Тацуджи расправляет рукав теми же выверенными движениями.
– Сады со временем меняются, судья Тео. Их первоначальные рисунки пропадают, стираемые ветром и дождем. Сады, разбитые Аритомо-сэнсэем, в своем первозданном виде больше не существуют, – добавляет он, застегивая запонку. – А вот татуировка… татуировка может сохраняться вечно.
– «Даже самая бледная краска переживет память людей», – невесть откуда приходит ко мне старинная китайская пословица, и я пытаюсь сообразить, где слышала ее прежде.
– Только если она сохраняется должным образом, – замечает Тацуджи.
– Много лет назад я отправилась на поиски садов, сотворенных Аритомо. То был один-единственный раз, когда я совершила поездку в Японию.
– Вы нашли их? – выражение его лица говорит мне, что ответ ему уже известен.
– Отыскать их было трудно, – признаюсь я. – Старые семьи, для которых он создавал сады, умерли после войны, наследники рассеялись, дома их предков были проданы или поделены. На местах, где когда-то были сады, возводились жилые дома или прокладывалась дорога. Я нашла всего один из его садов, который существует до сих пор. Его превратили в сквер для тамошней округи.
– А-а, это в Киото, в старом пригороде Чусожима. Я был там.
– Когда я вошла в него, то сразу поняла, что сад не такой, каким он его изначально задумал. В нем не было его души.
– Югири – единственный сад, до сих пор сохраняющий его отпечаток, – говорит Тацуджи.
Я потянула из лежащей на столе кипы последнюю гравюру. Триптих: три вертикальные ромбовидные рамки, почти сходящиеся вместе, пирамиды с отрезанными вершинами. Предметы внутри рамок утратили форму. Чувствуя неожиданное головокружение, я, поддерживая себя, упираюсь ладонью в стол, прихожу в ужас оттого, что моя болезнь принимает другой оборот, лишая меня способности осознавать очертания и формы.

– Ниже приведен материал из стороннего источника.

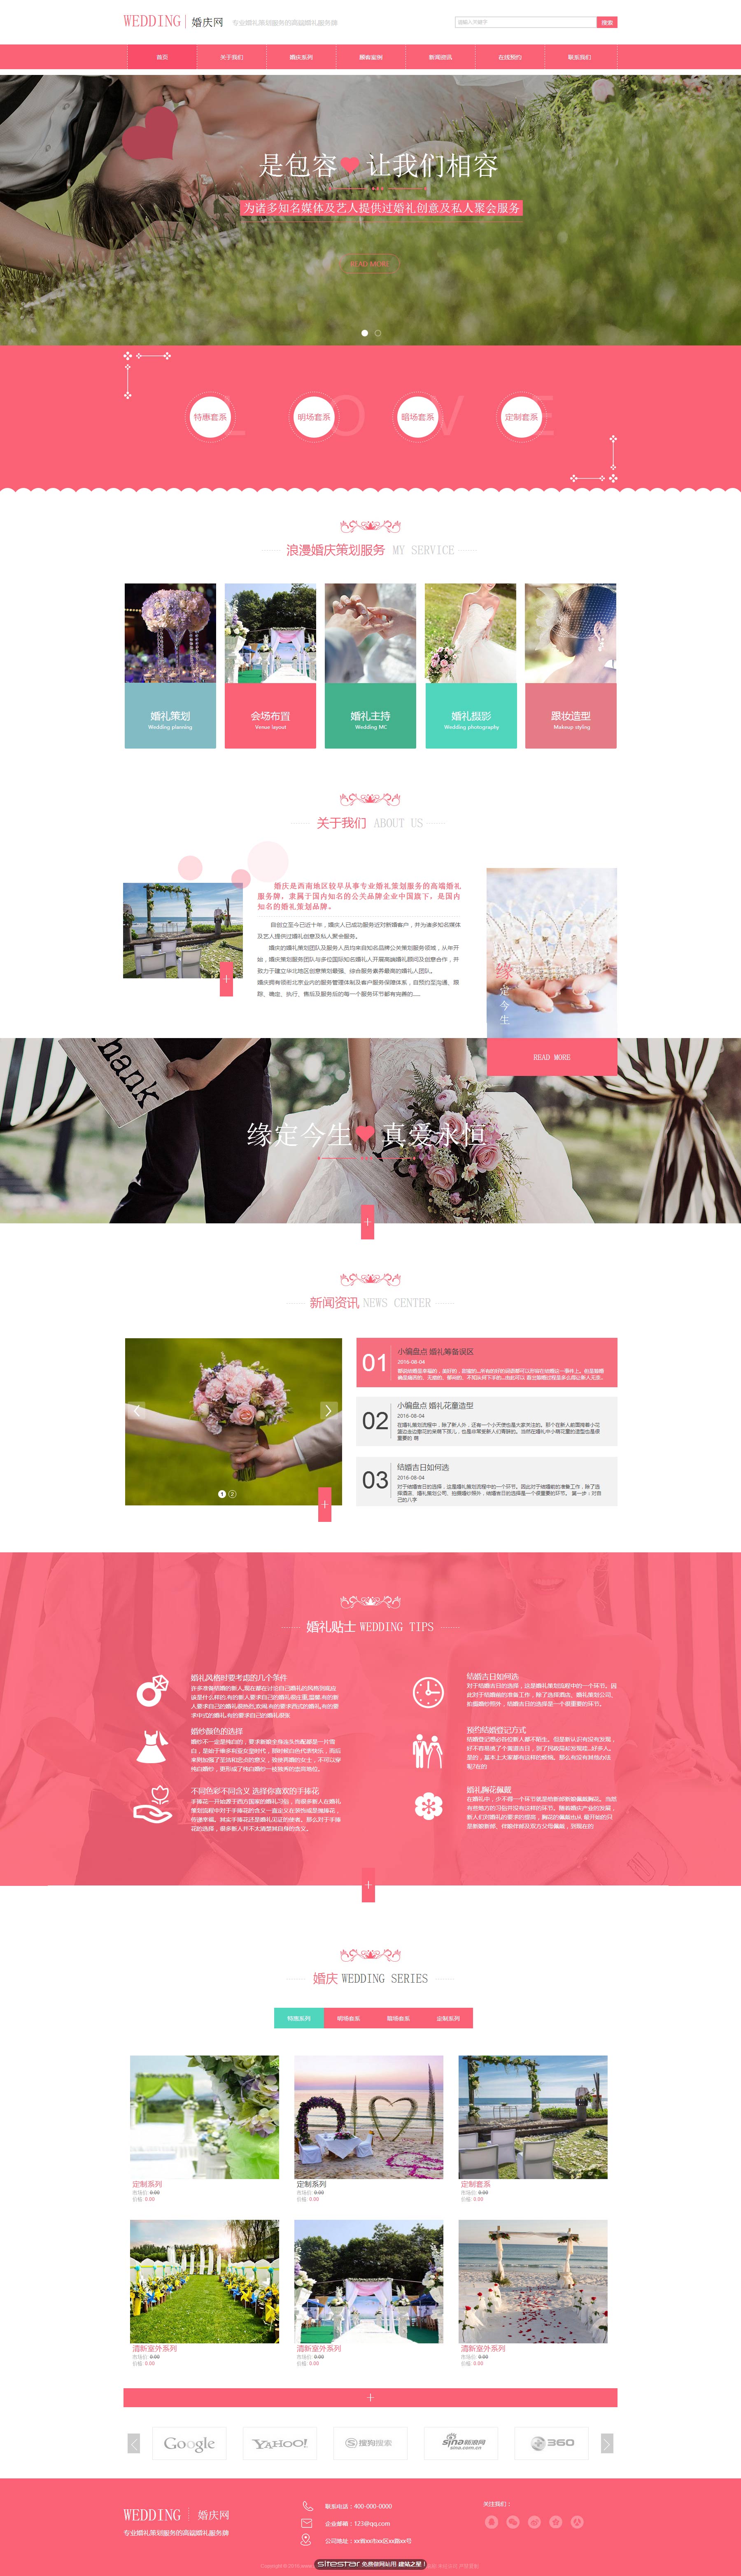 婚礼、婚庆网站模板-wedding-77

Об этом врачи ничего не говорили. Несколько раз моргаю глазами – все равно предметы остаются искаженными.
Тацуджи забирает у меня укиё-э и высоко поднимает гравюру, откинув назад голову, чтобы рассмотреть ее. Свет, проходящий сквозь рисовую бумагу, раскрашивает его лицо, превращая ученого в персонаж пекинской оперы, которую я однажды посетила. Хочу спросить: кажутся ли ему гравюры нормальными, но боюсь того, что он мне ответит.
Вдруг сквозь мое смятение пробивается мысль.
– Дайте-ка мне ее, – говорю я Тацуджи.
Его озадачивает настойчивость, звучащая в моем голосе. Забираю у него оттиск, почти из рук вырываю, и расстилаю его на столе, расправляя ладонью. Делаю шаг назад, потом еще один. Тацуджи скользит назад и становится со мной рядом. Мы оба смотрим на укиё-э.
Искажения на гравюре пропали. Мы стоим на краю трех параллельных, поросших лотосами прудов, сужающихся в отдаленной перспективе. Деревья, небо и облака – все помещено в воду, в рисунок. Облегчение охватывает меня. Смех мой звучит громко в этом кабинете, неестественно – только мне все равно. Я снова заливаюсь смехом. Тацуджи смотрит на меня, он удивлен.
– Искусно, – говорит он, – он добился этого, играя с перспективой. Мне следовало бы сразу понять это.
– Шаккей, – говорю я.
– Он и этому вас учил?
– Это было во всем, чему он меня учил.
– Старые дворцовые садовники, с которыми я говорил, в один голос отмечали талант Аритомо-сэнсэя в «заимствованном пейзаже». В нем достиг он высшей степени мастерства, увы, так и не получив того признания, какого заслуживал.